Проект 1. Мы приезжаем в школу, гимназию, лицей, в офис и проводим День Науки. С лекциями, лабораторными работами (в основном, по химии и физике), с куполом-планетарием, с интерактивными играми, с «круглыми столами» и т.д. За день легко проходят 200-400 детей, которые в течение нескольких уроков получают мощную дозу актуальных, полезных и интересных знаний.
Какие у нас были проблемы? Найти деньги на оборудование, грузовую машину, контент, сделать брендинг, зарегистрировать организацию — это не страшно, берешь кредит и всю жизнь выплачиваешь.
А страшно слышать в ответ, когда звонишь в школу: «Астрономия? Нас не интересует астрономия» или «Мы не проводим платные услуги на территории школы, нам запретили. Кто? Не скажем». «Федеральный закон об образовании — нет, не читали» или «Нас не интересует астрономия. Да, я уверена, всех наших детей не интересует астрономия. Меня не интересует, значит и детей тоже». Опять же, не во всех организациях, но регулярно приходится слышать и такое. А что самое любопытное, большая часть бюджетных организаций свято уверена, что мы все должны делать за свой счет, раз уж мы сами позвонили.
Проект 2 — образовательные курсы. Изначально для детей, чтобы подготовить и мотивировать к поступлению в ВУЗ на соответствующую специальность. Здесь относительно все понятно, есть курсы попроще — Общая астрономия, к примеру. Есть спецкурсы — Астрофизика, Планетология и т.д., есть Олимпиадная астрономия как метод погружения в фундаментальную науку.
Удивлению нашему не было предела, когда выяснилось, что взрослых, которые хотели бы заниматься, не меньше, чем детей. Кто-то работает журналистом и хочет грамотно писать статьи, кто-то занимается любительской астрономией и жаждет понимать, что наблюдает, а кто-то и вовсе нуждается в качественных знаниях, чтобы отвечать на вопросы ребенка. Мотивация может быть любая.

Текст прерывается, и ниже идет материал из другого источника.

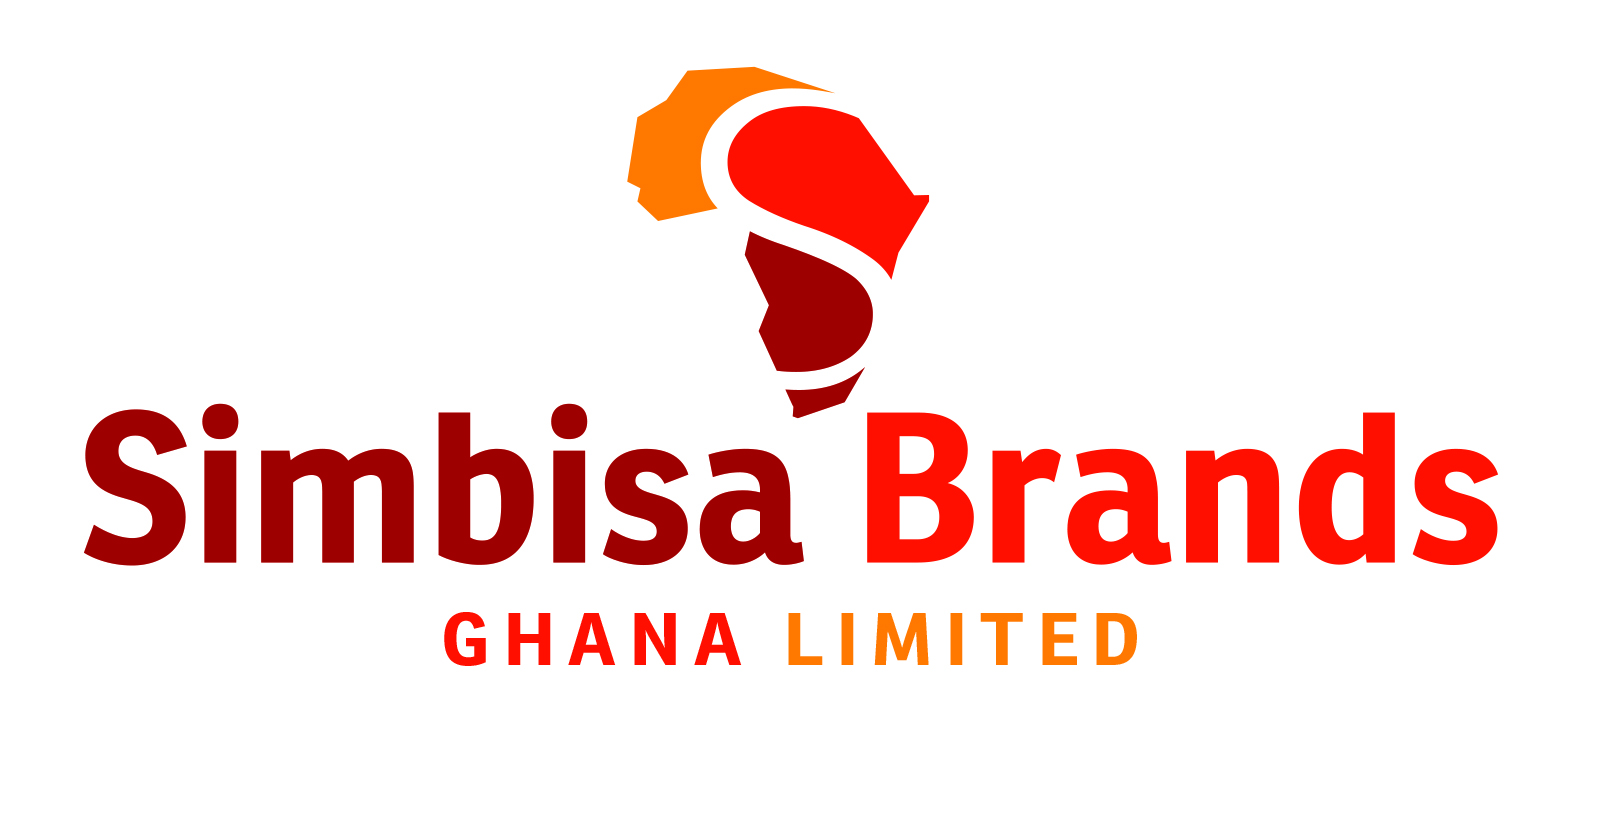 Simbisa Brands Ghana

Возвращаясь к теме вопроса, сложно? Да, сложно. Популярная астрономия — очень. К сожалению, 90% русскоязычного контента в сети — профанация и надувательство, а что переведено с английского — не так страшен контент, как его локализация. Поэтому даже заинтересованному человеку сложно найти себе адекватный источник информации.
Высок ли уровень знаний? К сожалению, нет. Есть узкий класс молодых технических специалистов и людей с фундаментальным образованием из Союза, у которых знания на уровне. Однако подавляющее большинство населения не осознает, по какой причине меняются сезоны на Земле, что такое полярные дни и полярные ночи, почему на экваторе каждый день практически равен ночи, зачем нужен високосный год, почему месяц октябрь — десятый, а по идее «окта» — восемь, откуда взялись элементы из таблицы Менделеева, и что такое красное смещение.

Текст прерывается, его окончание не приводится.